Fine-mapping attempts to find the posterior probability of a variant being causal. The initial analytical framework was introduced in [Maller et al](https://www.nature.com/articles/ng.2435), where a single variant is assumed to be causal among a locus. Fine-mapping algorithm follows a Bayesian framework: 

$$
y = G \lambda + \varepsilon, \text{where } \lambda = r b  
$$

# Incomplete...


In a [paper](https://www.nature.com/articles/s41588-021-00961-5) by Ding et al., they raised an interesting question about the uncertainty of PRS score for each individual. The rationale is that the effect size estimates are uncertain due to finite sample used in GWAS. When calculating PRS via aggregating effect sizes and genotypes, the effect size uncertainty would propagate and affect PRS. Here I attempt to replicate the simulation presented in Figure 1, and derive some quantities. 

Under infinitesimal model, and no LD, we assume the causal effect size $\lambda_j = \beta_j \sim N(0, h^2/M)$. Therefore, we have: 
1. $\hat \beta_j \mid \beta_j \sim N(\beta_j, \frac{1}{N})$.  
2. The posterior distribution is $\beta_j \mid \hat \beta_j \sim N((1 + \frac{M}{h^2 N})^{-1}\hat \beta, \frac{1}{N}(1 + \frac{M}{h^2N})^{-1}  )$

*Observation*: this formulation is almost identical to PRS-CS paper, with the except that it didn't consider LD structure. 


**Topics to explore**:

1. Statistical geneticists like to use the reference panel as an alternative to individual level data.
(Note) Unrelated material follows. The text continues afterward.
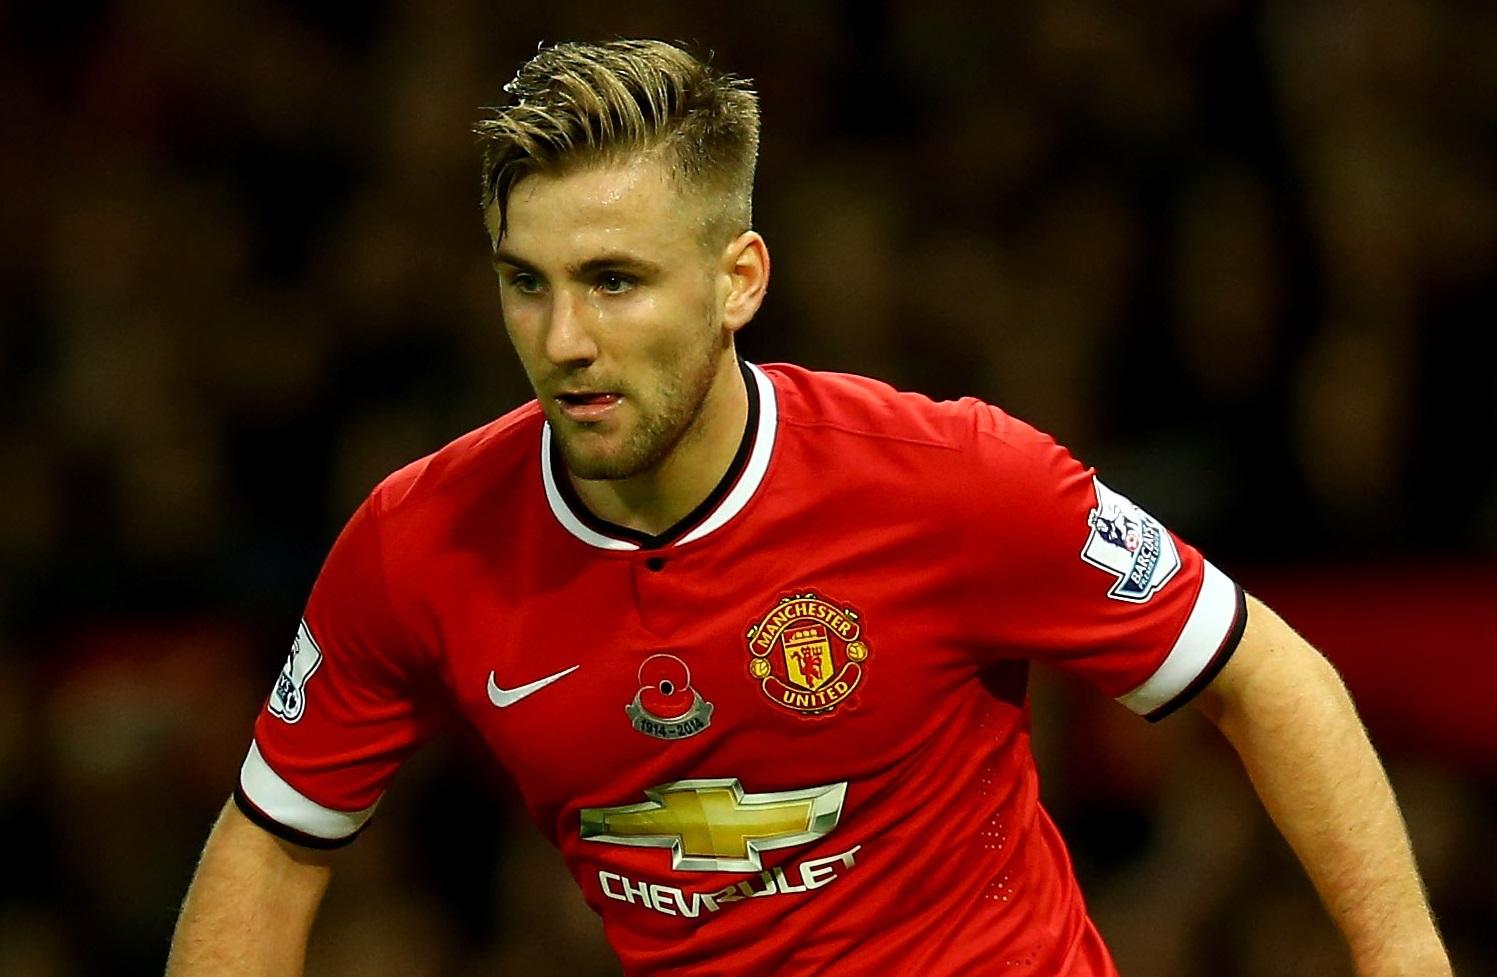 Shaw Akan Sabar Menanti Hadirnya Peluang Merumput Bagi United 1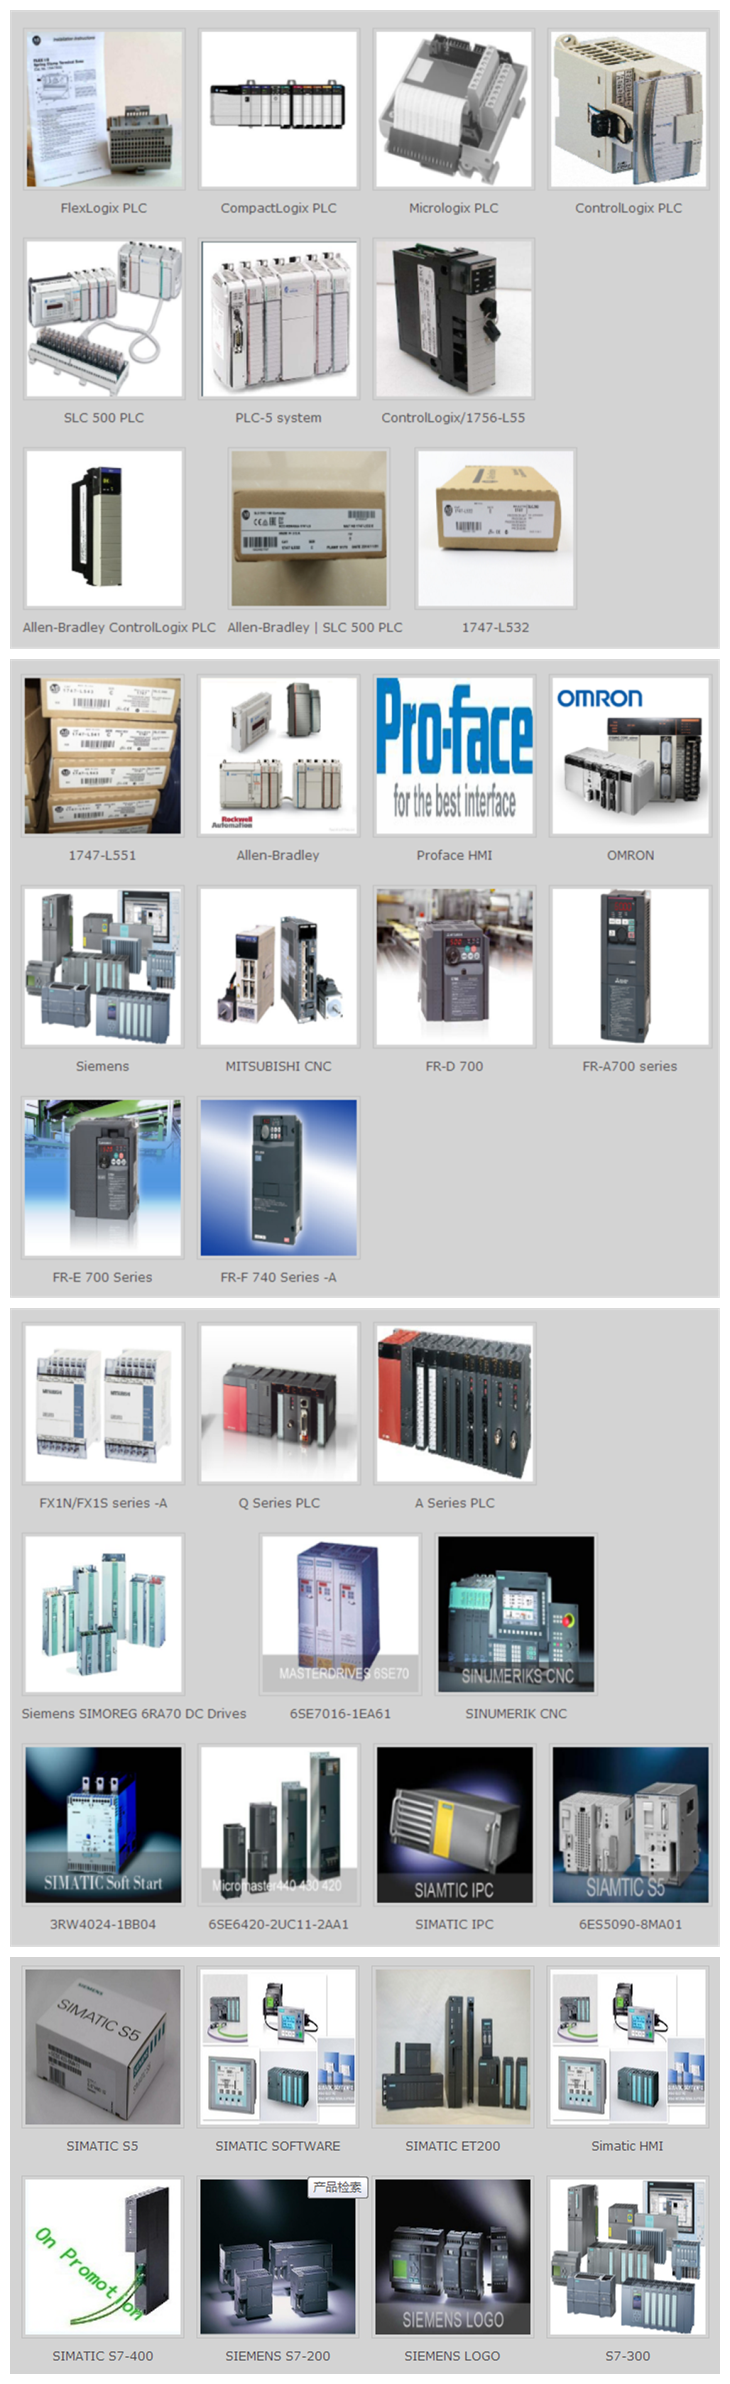 100% New and Original MITSUBISHI FR-F740 Series inverter driveFR-F740-3.7K-CHT

For this quantity to hold, we must have the LD panel $R$ close enough to in-sample LD. However, this might not always work, as the realization of a random matrix can be quite different. Some simulation reveals that GWAS results with LD panel can differ by 40%, sometimes with different signs. 

2. Co-expression gene network explained by LD

3. Apply SKAT on imputed expression, or access heritability explained by imputed expression, or genetic correlation.